Substitution $[y:=a]$ is a purely syntactic operation that replaces every free occurrences of $y$ in $M$ by $a$. There is nothing "evaluated" in a substitution.
$\beta$-reduction $(\lambda x.M)N \triangleright_\beta ...$ is an evaluation procedure that uses substitution, and in which every occurrence of $x$ that is bound by the outermost abstraction ($\lambda x$) is replaced by the term that the $\lambda$-term is applied to ($N$).

W.r.t. your example where $M :\equiv (\lambda x.\lambda y.xxyy)$, $M[y:=a] \equiv M$: Since all occurrences of $y$ in $M$ are bound by $\lambda y$, there are no free occurrences of $y$ to be replaced, so when applying the substitution, nothing is changed. The result is not $\lambda x.xxaa$. But this is not a question of order, and even less one of semantic "evaluation": You would get the same result for $M' :\equiv (\lambda y.\lambda x. xxyy)$; the only thing that matters for the syntactic operation of a substitution is whether $y$ is bound by some $\lambda y$ or not. In both $(\lambda x.\lambda y.xxyy)$ and $(\lambda y.\lambda x. xxyy)$, all occurrences of $y$ are bound, so in both terms, substituting $[y:=a]$ will yield the same term again.
You would get a different result if you did, for example, $(\lambda x.xxyy)[y:=a]$: Here, the two occurrences of $y$ are free, so the result of the substitution is $\lambda x.xxaa$. That there is also a $\lambda x$ in front of $xxyy$ does not matter at all. All you do by $(\lambda x.xxyy)[y:=a]$ is replace every free occurrence of $y$ in the term $\lambda x.xxyy$ by $a$.
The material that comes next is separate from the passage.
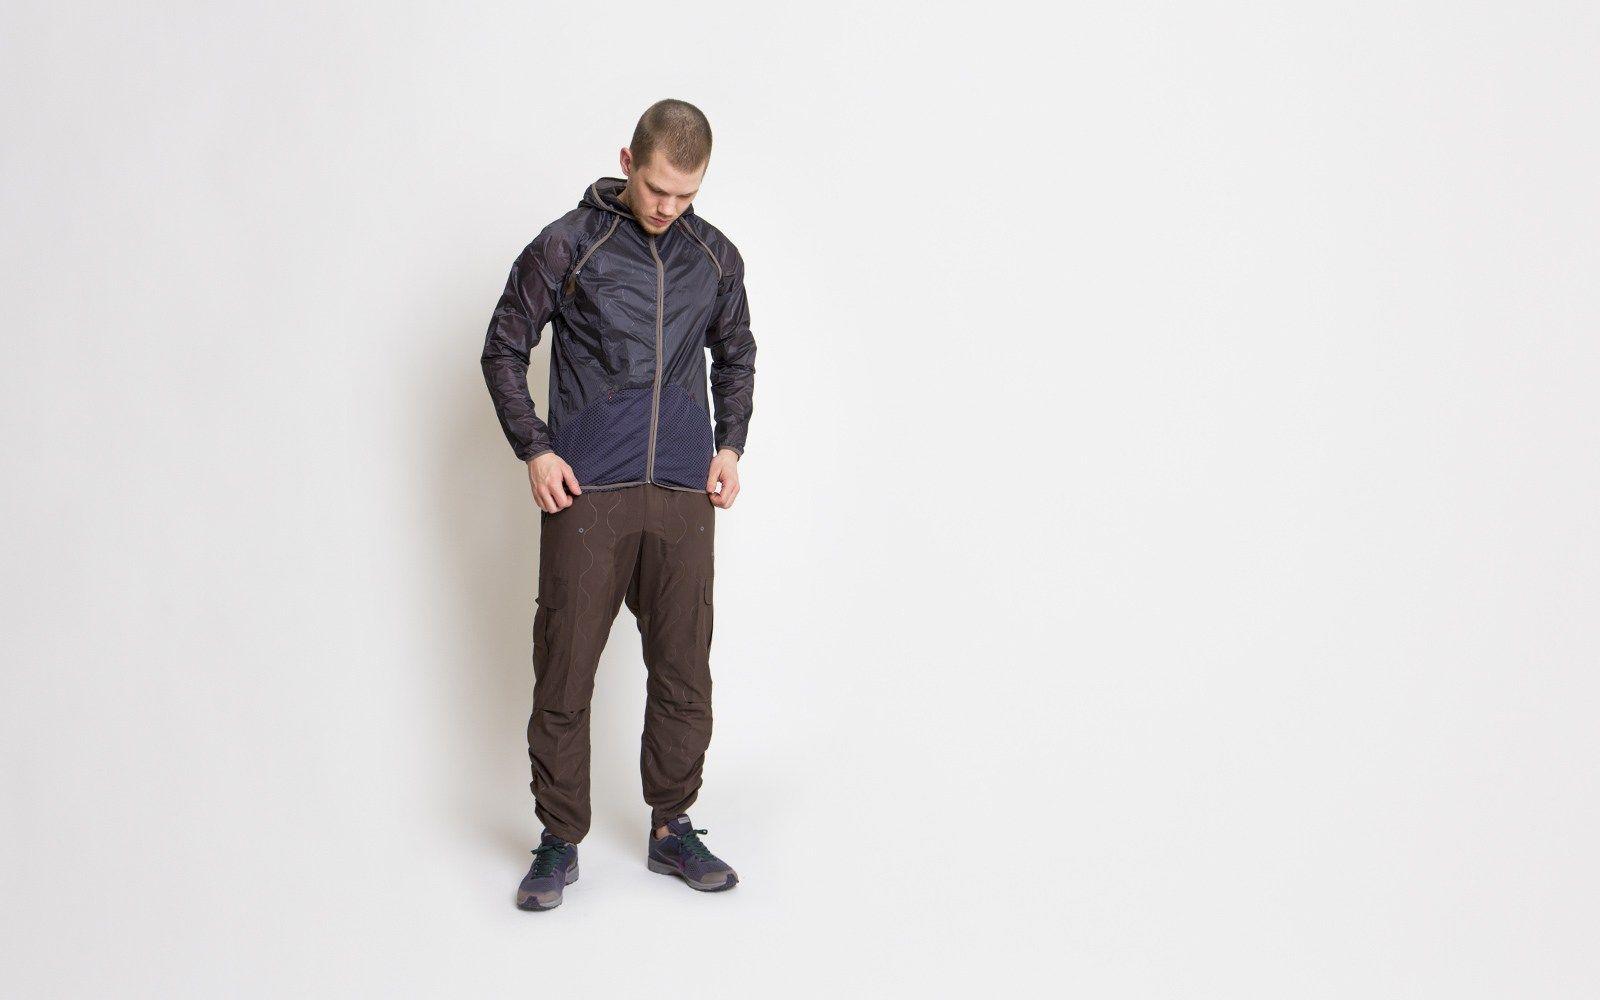 uk availability 409c7 745bb Nike - AS UC Covertible Jacket - 539904-021 - Sneakersnstuff, sneakers    streetwear på nätet sen 1999

The point where evaluation and order enters is beta reduction, and beta reduction is defined in terms of substitution - not the other way round. Substitution itself lives independently of beta reduction.
By definition $(\lambda x.M)N \triangleright_\beta M[x:=N]$. So you replace every free occurrence of $x$ in $M$ - $M$ is the term with the $\lambda x$ stripped away, so the occurrences of $x$ which are bound by $\lambda x$ are free in $M$ (if they are not bound by some other abstraction), and these are the ones to be substituted by the term $N$. Beta reduction works because the substitution happens on $M$, without the $\lambda x$. If you did $(\lambda x. M)[x:=N]$, nothing would happen because no $x$ is $(\lambda x.M)$ is free, so nothing would get substituted - just like in $(\lambda x.\lambda y.xxyy)[y:=a]$.
In terms of order, all the definitions tell you is that when applying beta reduction, you strip the leftmost $\lambda$ away, so in the case of beta reduction, substitution happens for the outmost $\lambda$-abstracted variable - but, again, in the subterm without the $\lambda$-abstraction.
But substitution itself is independent of beta reduction, you can do $(\lambda xy.xxyy)[x:a]$ or $(\lambda xy.xxyy)[y:a]$ or whatever you like. There is no evaluation involved, it's just a syntactic definition that has some outcome. But note that when doing $(\lambda xy.xxyy)[y:=a]$, you substitute in a term which still includes an abstraction $\lambda y$, substitution doesn't make the $\lambda y$ go away, so since all the $y$'s are bound, there is nothing to be replaced and the result will be the same term again.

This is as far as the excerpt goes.